Филипп, прилежно вслушивавшийся в речь Антипатра, глубокомысленно кивнул. Ему она показалась вполне убедительной. Александр говорил, что ему нельзя быть царем, и вот сейчас этот могущественный старик говорит то же. Возможно, все теперь это поймут, и он опять сделается Арридеем.

Войска Антипатра и так вполне устраивал Антипатр. А для мятежников его речь была подобна медленному пробуждению от тревожного сна. Людское море за Эвридикой шелестело словно галька, окатываемая волнами, и девушка вдруг осознала, что на этом море начался отлив.

Нет, она не допустит, не должна допустить поражения. Она выступит перед ними, у нее есть это право. Однажды ей уже удалось подбодрить павших духом сторонников, и сейчас она вновь вдохнет в них веру в себя. Скоро этот старик замолчит, ей надо быть наготове.

Сцепив руки, Эвридика гордо расправила плечи и вскинула голову, но вдруг живот ее непререкаемо заявил о себе. Острая боль сменилась тупым тянущим ощущением, принадлежность которого сразу стала понятна, хотя смущенный ум девушки напрочь отказывался это признать. Однако тщетно: природа брала свое. Женское недомогание началось на четыре дня раньше срока.

Она всегда тщательно высчитывала время очередных месячных и никогда не ошибалась. Почему же он сбился, всегда столь устойчивый цикл? Первый день обычно бывал очень обильным, а она не подложила даже салфетки.

Как видно, нервное возбуждение помешало ей еще утром заметить зловещие признаки перемен в своем чреве. Эвридика уже ощущала внутри себя угрожающее движение ищущей выхода влаги. Если она поднимется на трибуну, то неминуемо осрамится перед всем честным людом.
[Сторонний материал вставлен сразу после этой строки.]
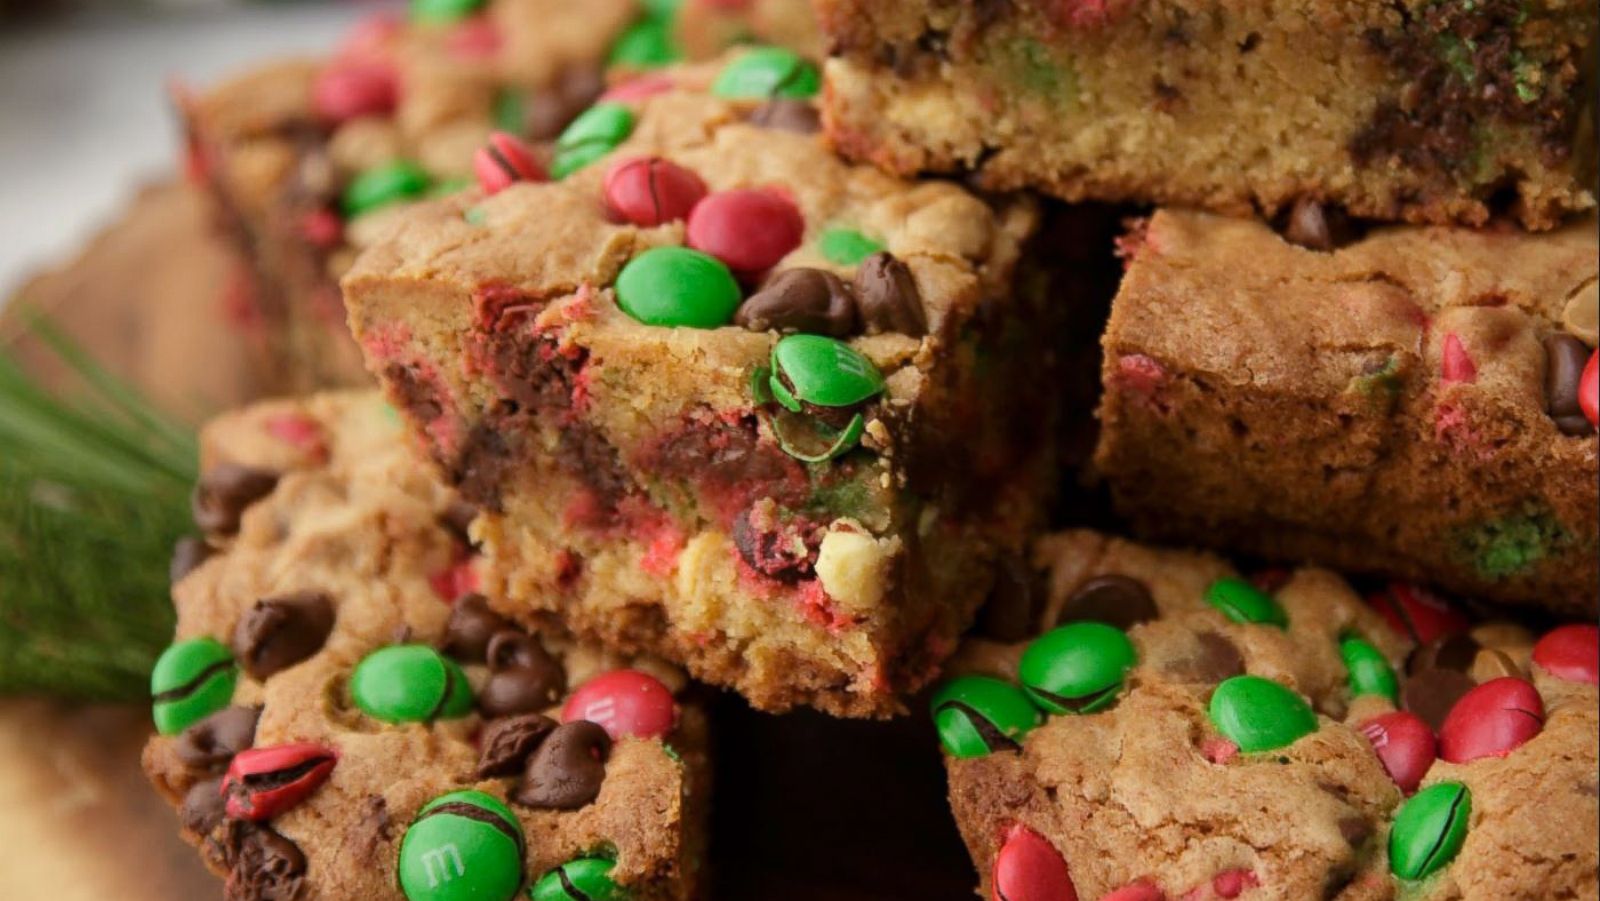 M&M Chocolate Bars - Cookies for Days
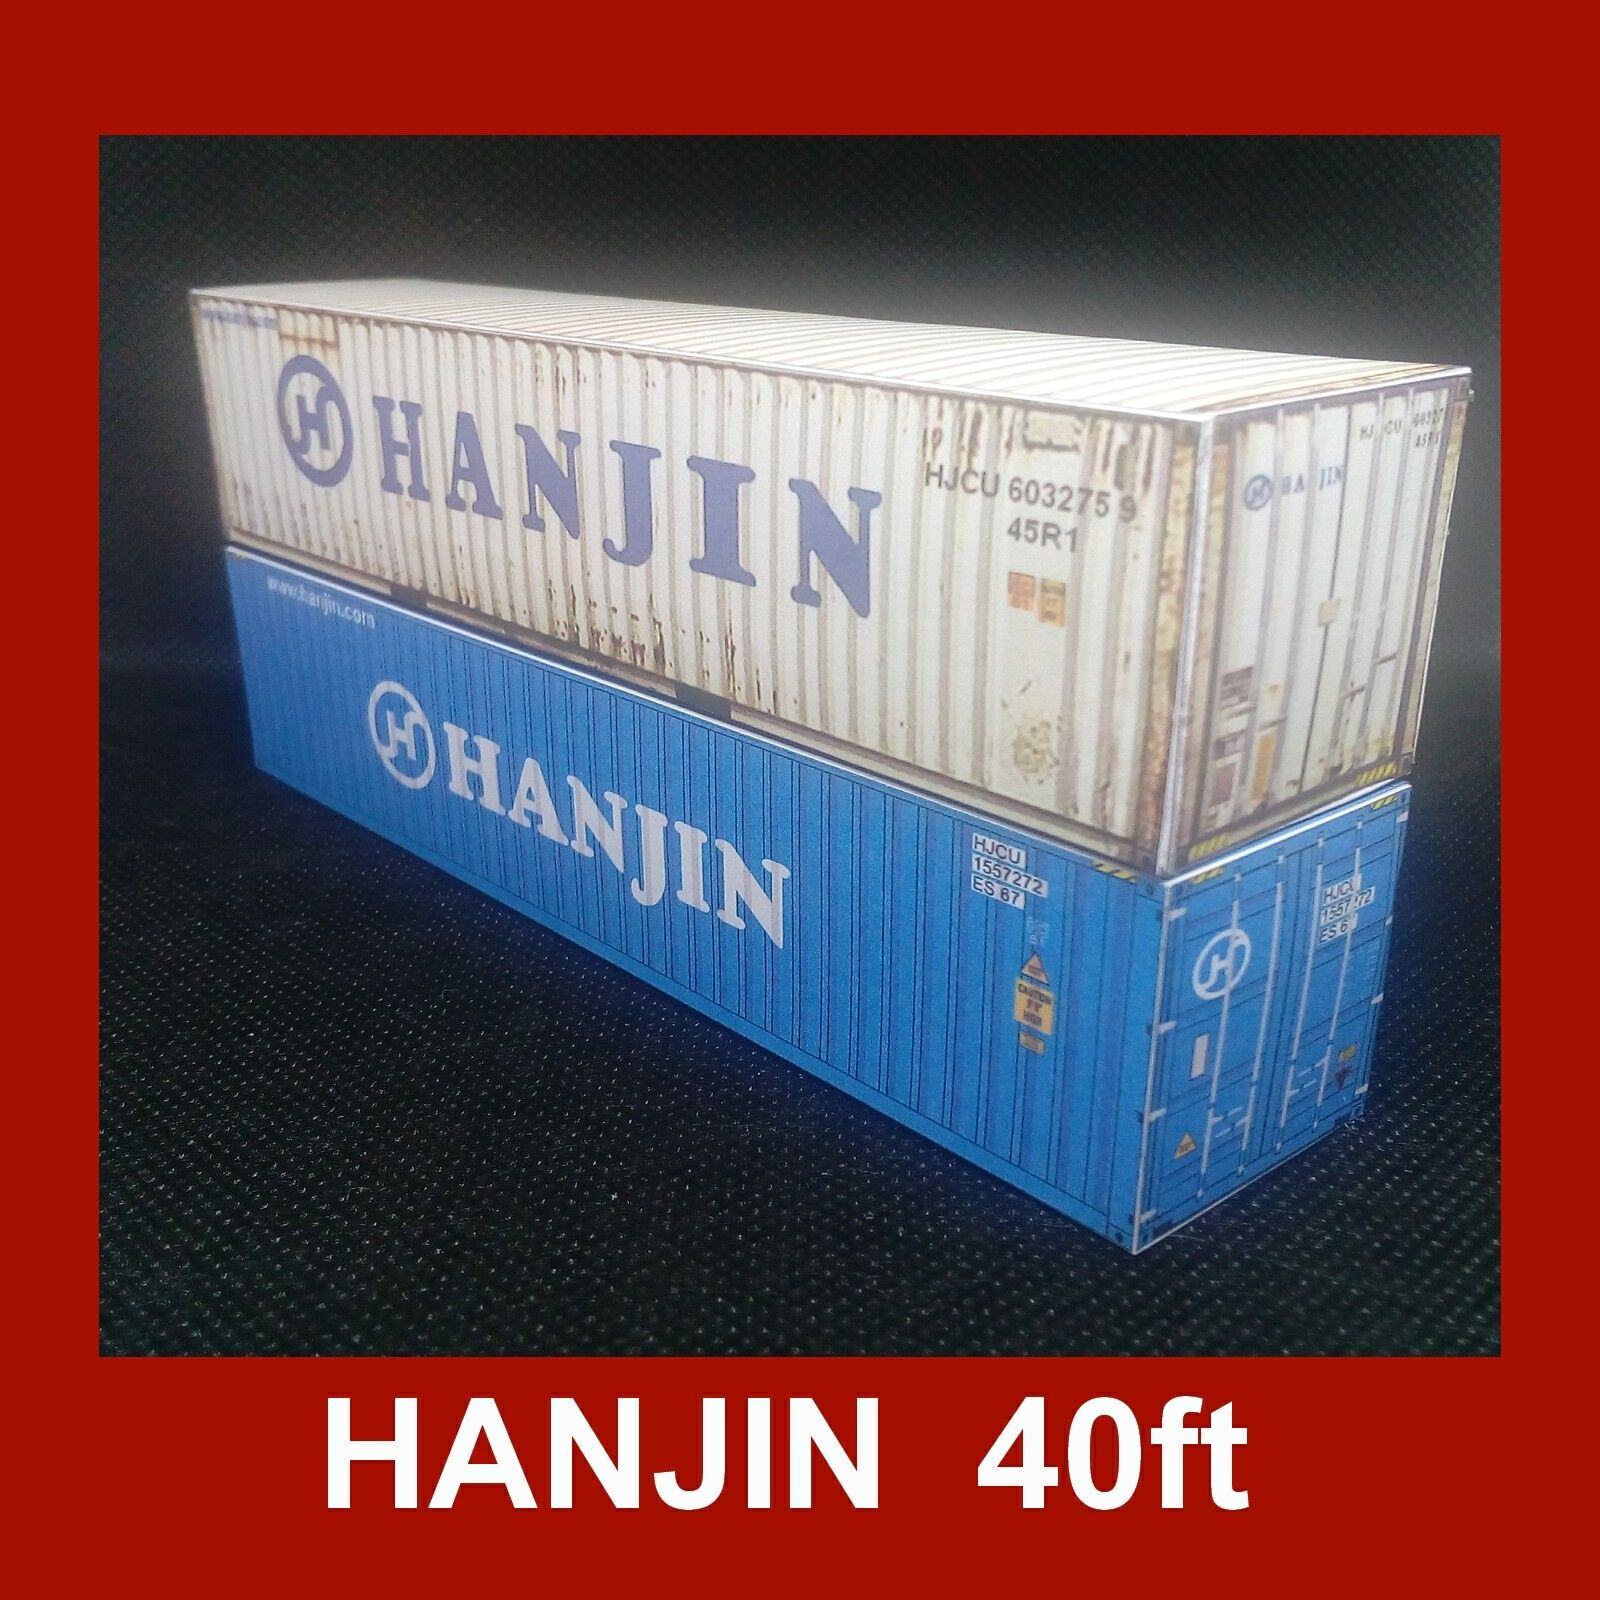 HO FREE Hanjin Collection Shipping Card Kit 40ft Pre-Weathered Gauge x 7

Выступление регента близилось к кульминации. Он говорил что-то об Александре, но Эвридика едва его слышала. Ее внимание сосредоточилось на множестве человеческих лиц, заполнявших и поле, и рощу, и склоны холмов. Почему среди всех этих сотворенных одними и теми же богами людей она единственная должна страдать от внезапно постигшей ее телесной немощи, почему именно в этот великий и судьбоносный момент ее предает даже собственный организм?

Рядом сидел Филипп со всей своей бесполезной, но очень здоровой мужской анатомией. Если бы они вдруг поменялись телами, то через миг она гордо взбежала бы на трибуну, а ее голос зарокотал бы, как гром. Но ей, слабой женщине, придется уползти с поля битвы без боя, и даже доброжелатели в лучшем случае лишь пожалеют перетрусившую бедняжку!

Антипатр закончил. Когда затихли аплодисменты, он сказал:

— Желает ли собрание сейчас выслушать Эвридику, дочь Аминты, жену Арридея?

Никто не возражал. Сторонники Антипатра были не прочь выяснить, чего хочет царица, а ее союзники стыдились дать ей отвод. Да, их мнение изменилось, но пусть девочка отведет душу. В такой момент настоящий лидер мог бы завоевать все сердца.

День обещал быть прохладным, и поверх хитона пришлось накинуть гиматий. Незаметным движением Эвридика приспустила его с одного плеча, чтобы ниспадающая складками ткань прикрыла ей спину и ноги. Вещь, позволительная для обольстительниц и богинь — по крайней мере, так их изображают на фресках. Встав со скамьи, она оправила драпировку и спокойно произнесла:

— Мне нечего сказать моим соотечественникам.

* * *

Сидя в своем фургоне в окружении встревоженных евнухов и перепуганных женщин, Роксана изнывала от страха, уверенная, что если мятежники победят, то первым делом Эвридика умертвит и маленького Александра, и его мать. Ужасное злодеяние, но в ее понимании оно было в порядке вещей.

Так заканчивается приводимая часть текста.